(Data entries)
──────────
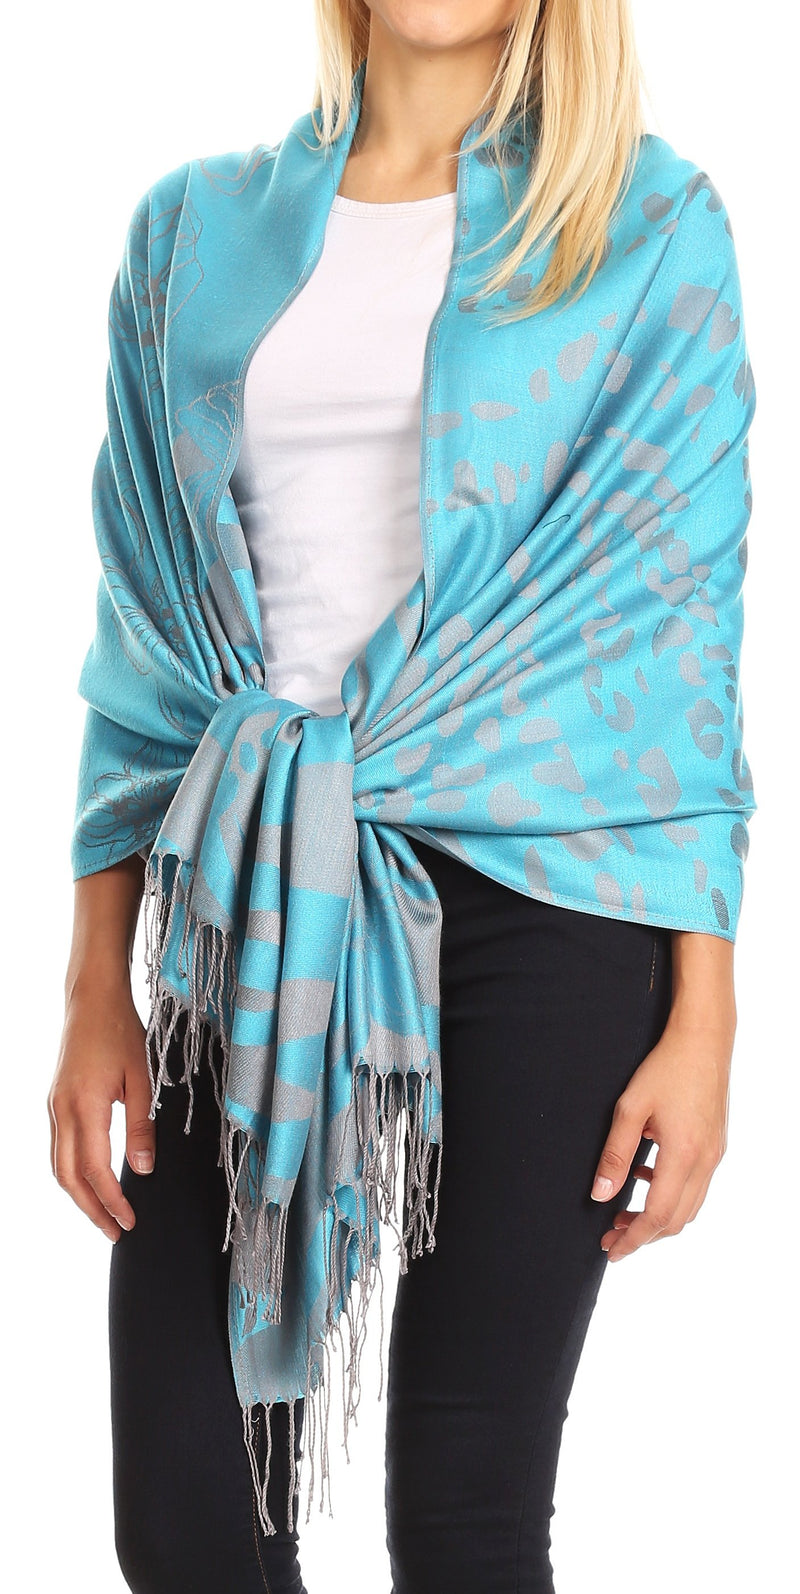 Sakkas Salome  Reversible Silky soft Wrap Shawl Scarf with Lovely Floral Brocade
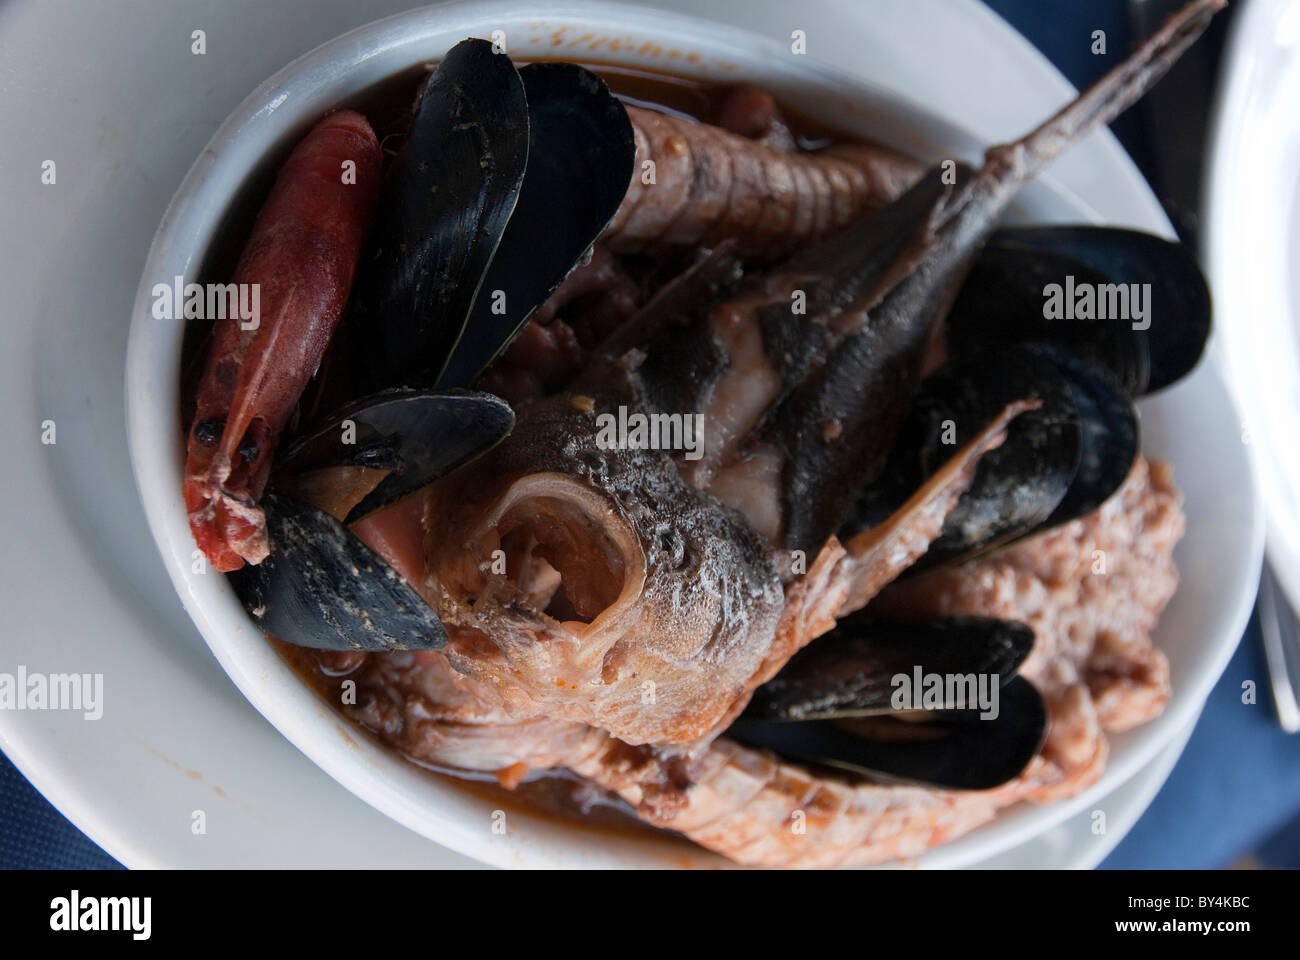 Livorno fish stew known as “Cacciucco” containing five different kinds of fish served in a soup dish Stock Photo
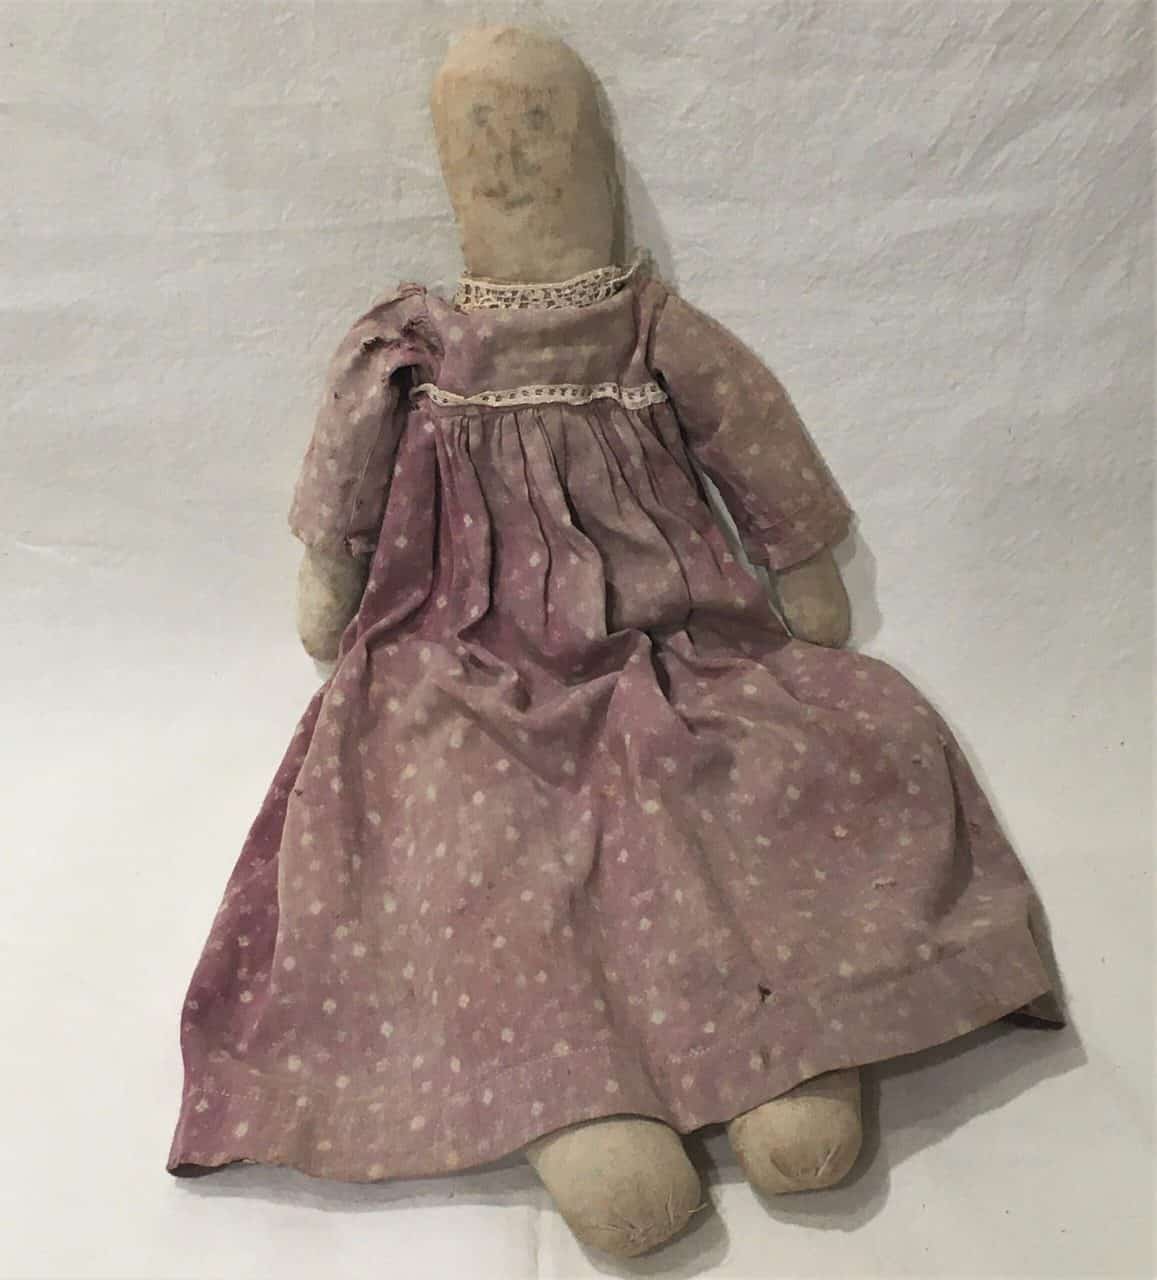 Much-loved doll stuffed with rags.
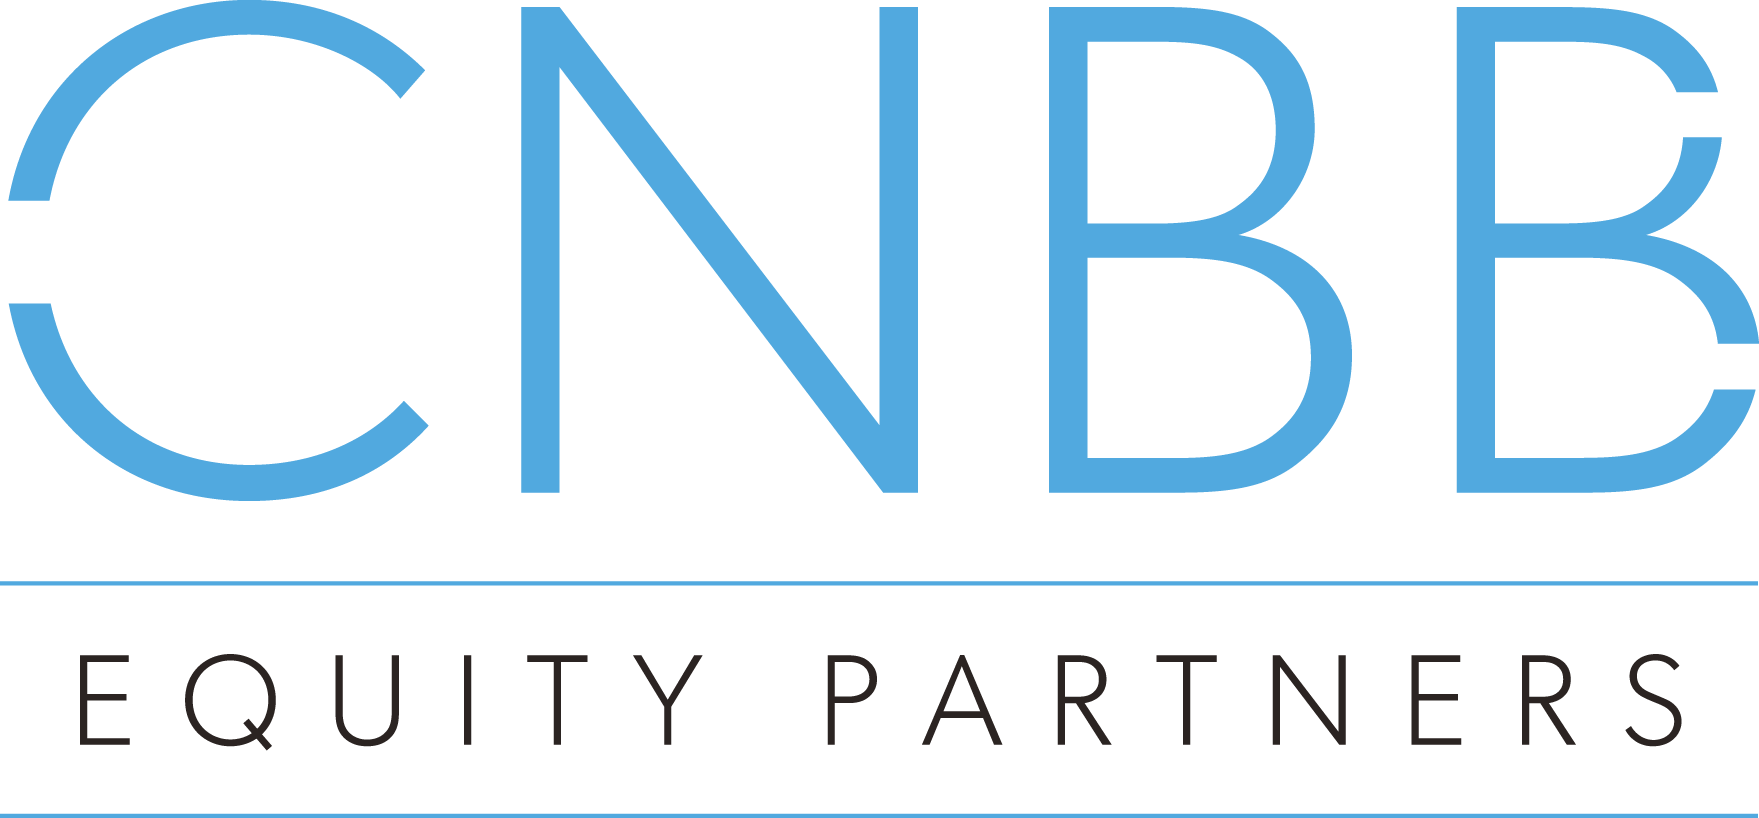 CNBB Equity Partners
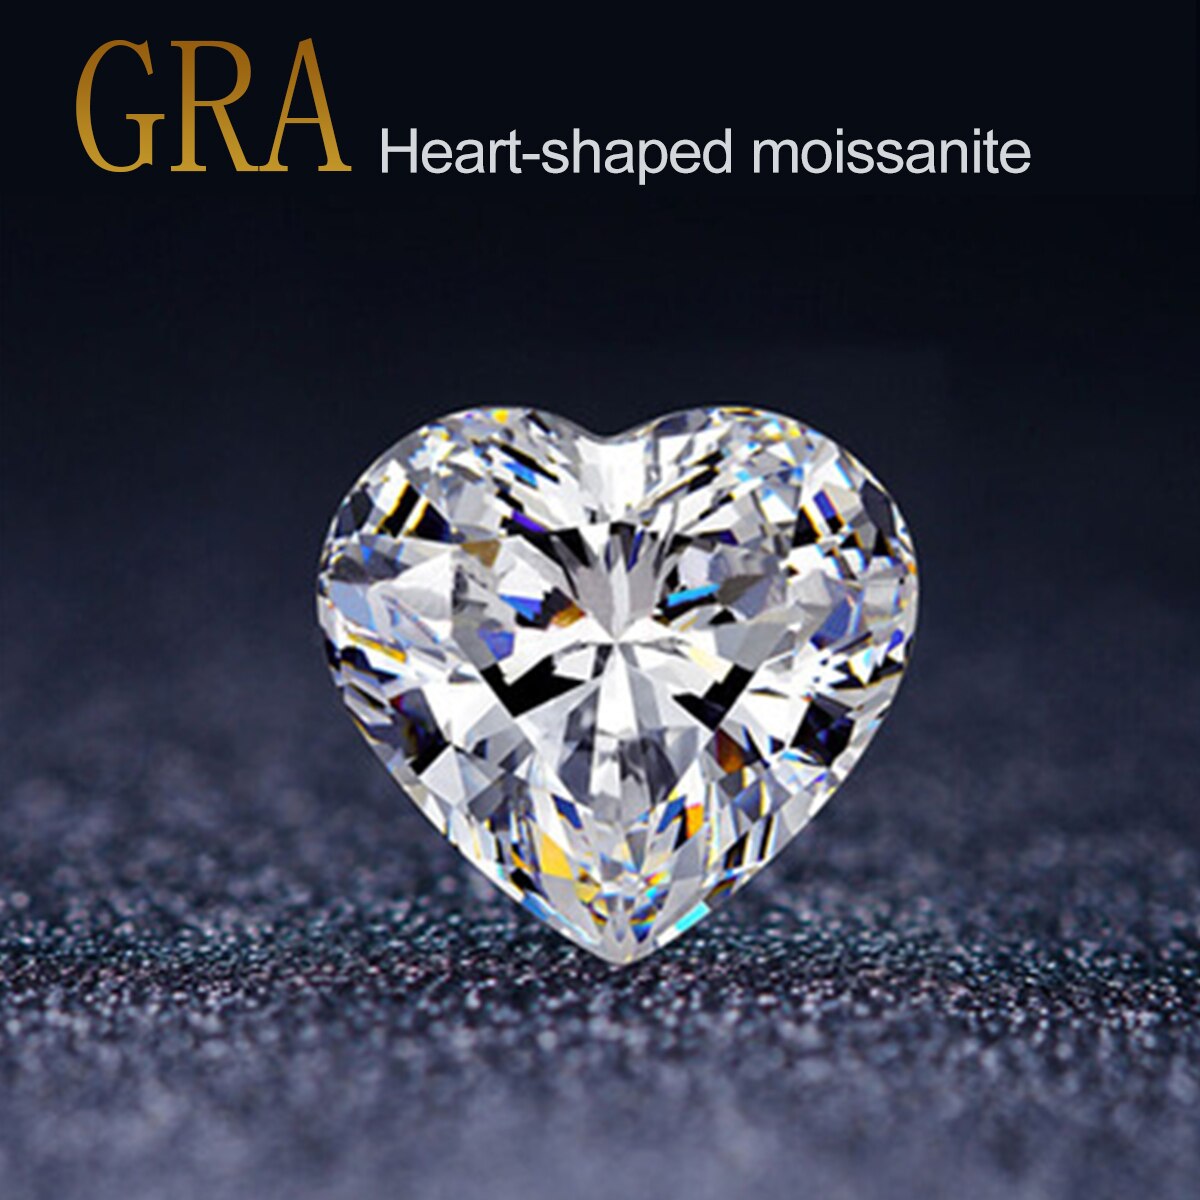 Szjinao 10pcs Real Loose Gesmtones Moissanite Stones 0.1ct 3mm D Color VVS1 Heart Shaped Diamond Undefined For Jewelry Material
──────────
→ **Instructions for the task**
Each record should be written out again exactly, though without its pictures.

→ **Written answer**
 Sakkas Salome  Reversible Silky soft Wrap Shawl Scarf with Lovely Floral Brocade
 Livorno fish stew known as “Cacciucco” containing five different kinds of fish served in a soup dish Stock Photo
 Much-loved doll stuffed with rags.
 CNBB Equity Partners
 Szjinao 10pcs Real Loose Gesmtones Moissanite Stones 0.1ct 3mm D Color VVS1 Heart Shaped Diamond Undefined For Jewelry Material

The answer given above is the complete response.